Fingerloop sRNA Nanotechnology for Metabolic Engineering and Synthetic Biology
Functional "fingerloop" RNA antisense motifs for metabolic engineering and RNA nanotechnology applications.
Synthetic biology holds tremendous promise to revolutionize how numerous products are made. For example, microorganisms can be harnessed to produce useful products such as biofuels, chemicals, therapeutics, fragrances, and antibodies, just to name a few examples. However, metabolic engineering of these microorganisms is often a prerequisite for commercially viable levels of product generation. Current metabolomic engineering strategies exist, such as siRNA and genome editing, but suffer from serious drawbacks. For example, expression of a metabolic pathway protein can be reduced using siRNA, but typically more than one protein must be targeted to effectively control metabolism, necessitating introduction of multiple siRNAs. Furthermore, siRNA target specificity is often poor. Permanent genome editing, another strategy, is difficult to reliably perform, not tractable in all microorganisms, and often results in off-target mutations that must be filtered. Moreover, the complete knockout of multiple metabolism genes is often too harsh, with more subtle modulation necessary for optimal results.
Researchers at The Ohio State University led by Dr. Richard Lease have created a novel bacterial sRNA-based genetic manipulation tool capable of transient, tunable, and highly specific control of the expression of multiple proteins using a single engineered sRNA. A single sRNA molecule can contain multiple fingerloop motifs, each motif capable of base pairing with a distinct mRNA promoter, thus down–regulating expression of the corresponding protein. Consequently, the introduction of a single sRNA vector can comprehensively reprogram a metabolic pathway by altering the expression of multiple proteins in that pathway to maximize product yield. Furthermore, by modulating the degree of base complementarity, the level of protein expression can be precisely tuned to optimize product formation without over-taxing the cell. Finally, due to the fingerloop motif structure, sRNAs display superior mRNA target specificity relative to traditional siRNAs or non-structured antisense sRNAs.

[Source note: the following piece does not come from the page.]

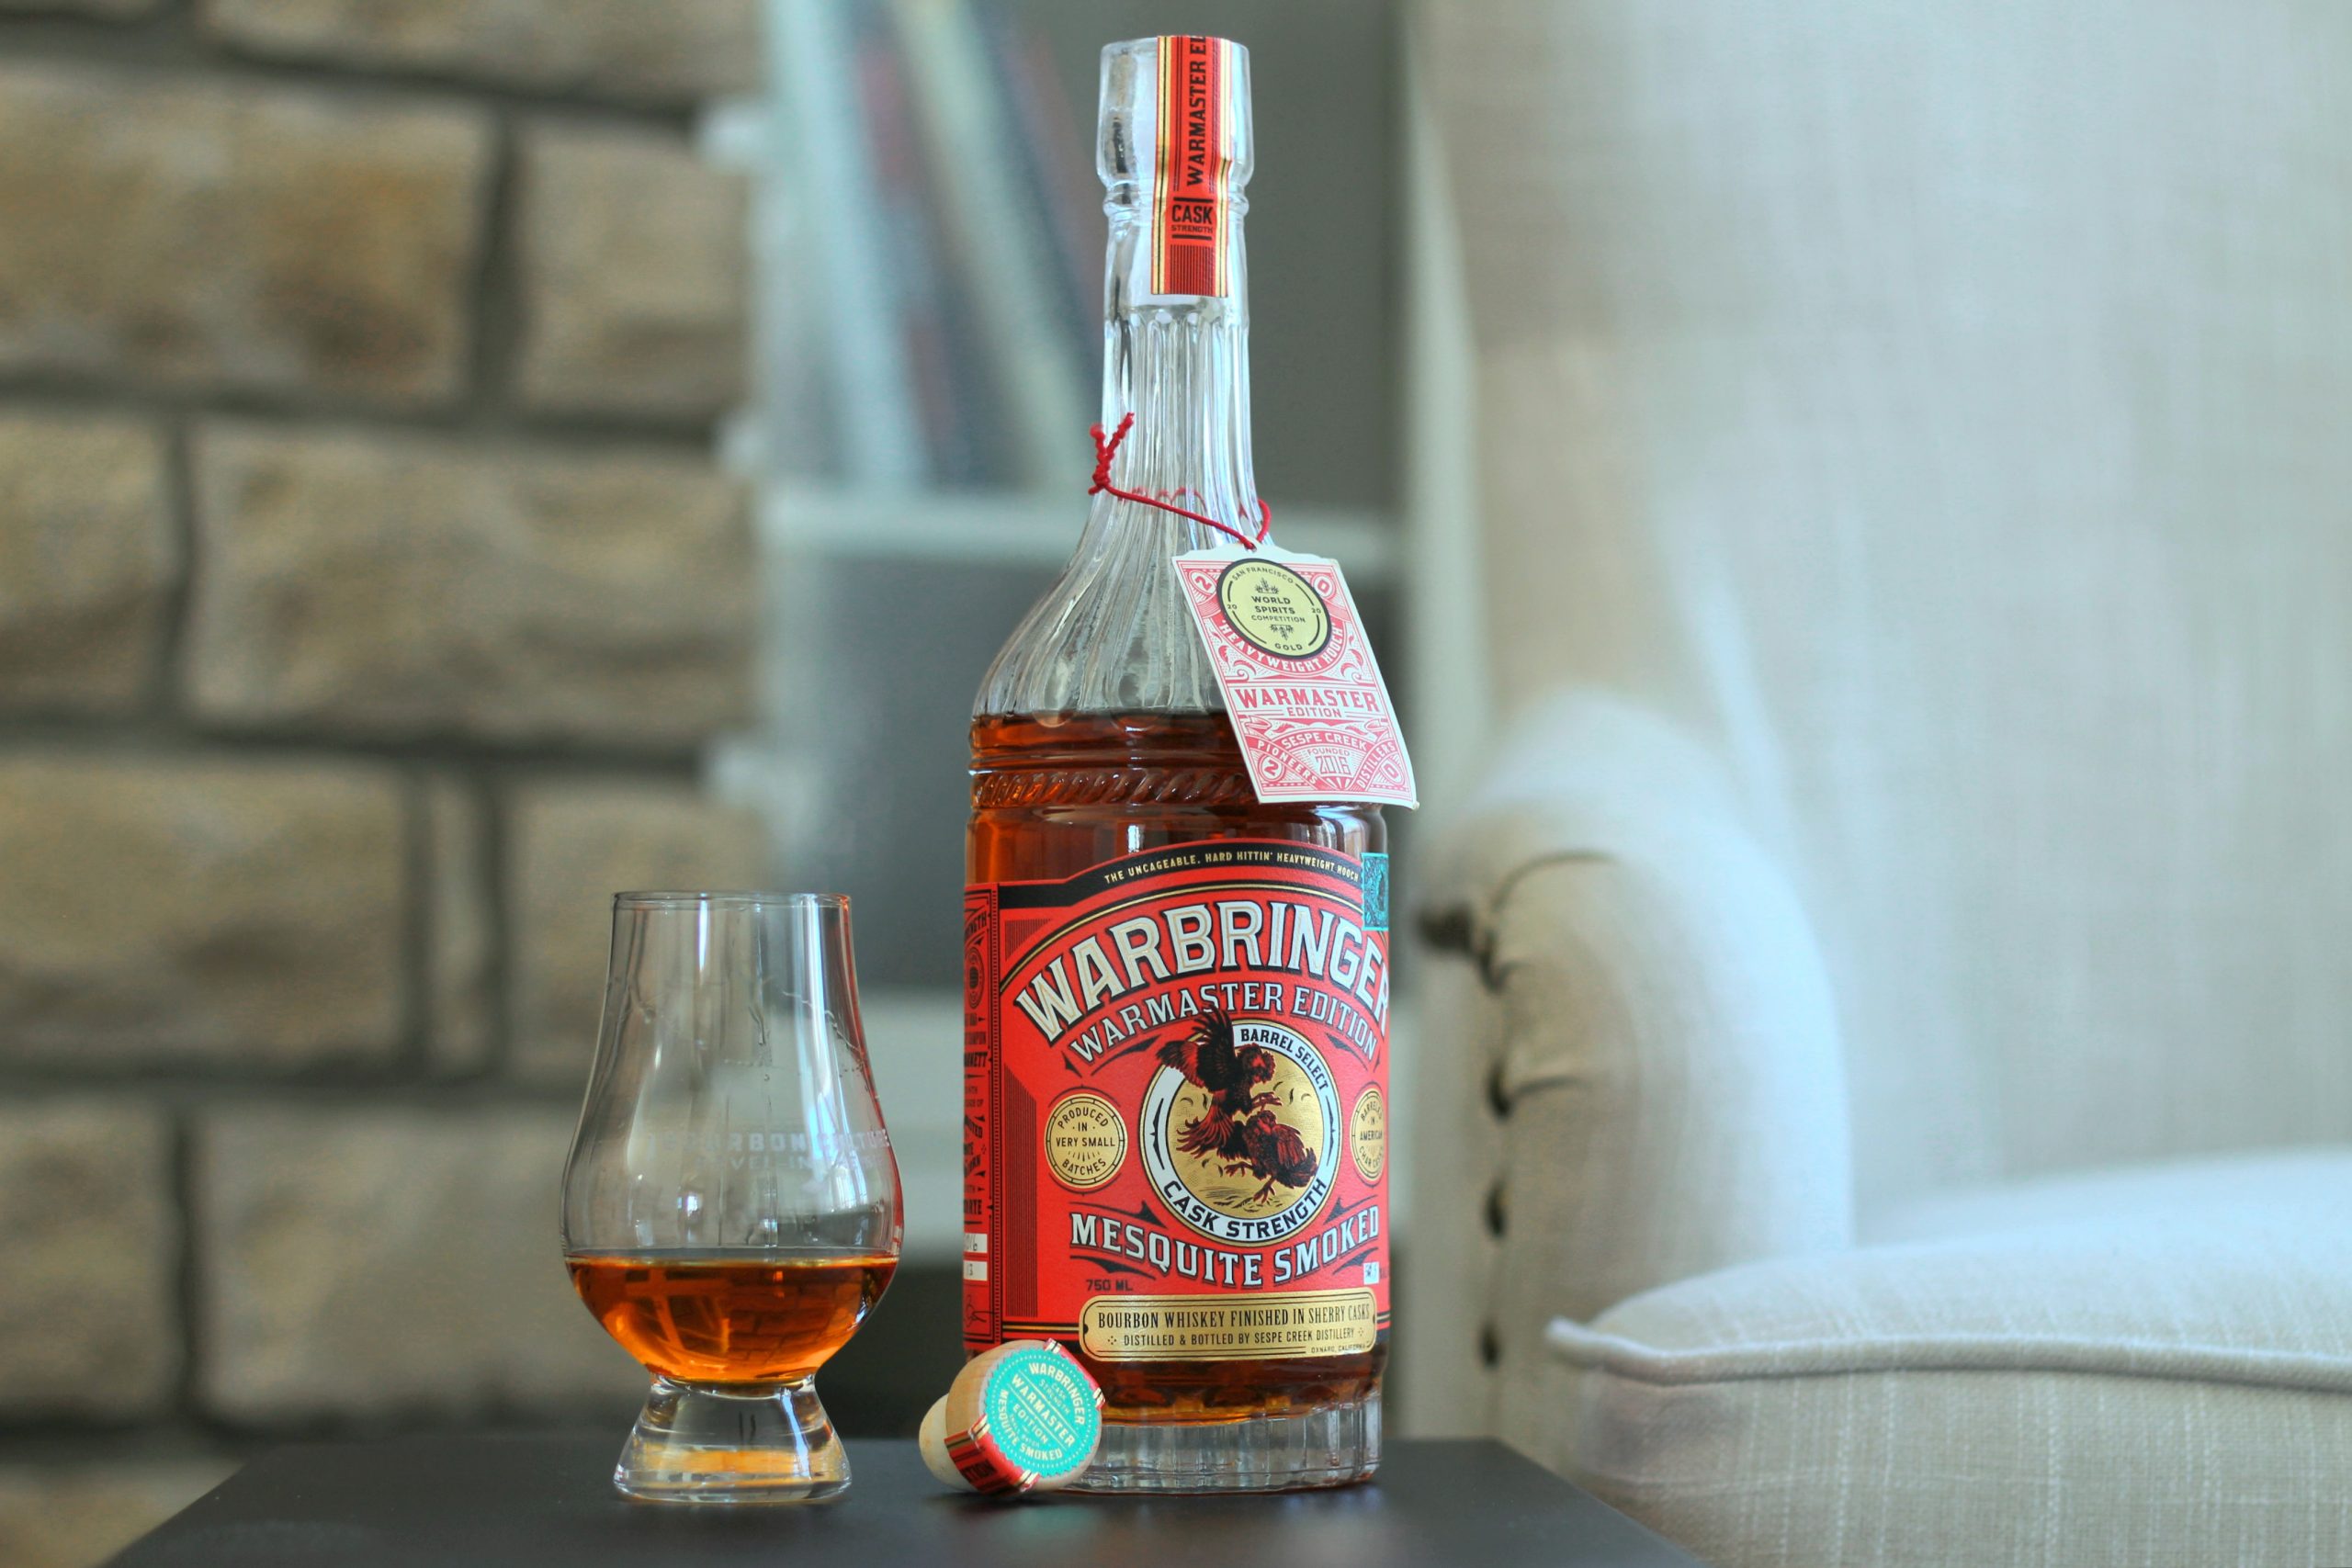 Warbringer Warmaster Edition Single Barrel Bourbon Review

Dr. Lease’s team has demonstrated one embodiment of this technology by downregulating both hydrogen-generating hydrogenase (hydA) and butyrate kinase (buk), proteins involved in Clostridium acetobutylicum butanol biosynthesis, using a single sRNA. The invention involves using a plasmid reporter system to optimize the sRNA sequence required to yield the desired degree of target mRNA/protein repression. This optimized sRNA can then be introduced into the microorganism to alter its metabolism. sRNA technology is broadly compatible with bacteria and could be used to target any set of proteins that a user wishes to modulate.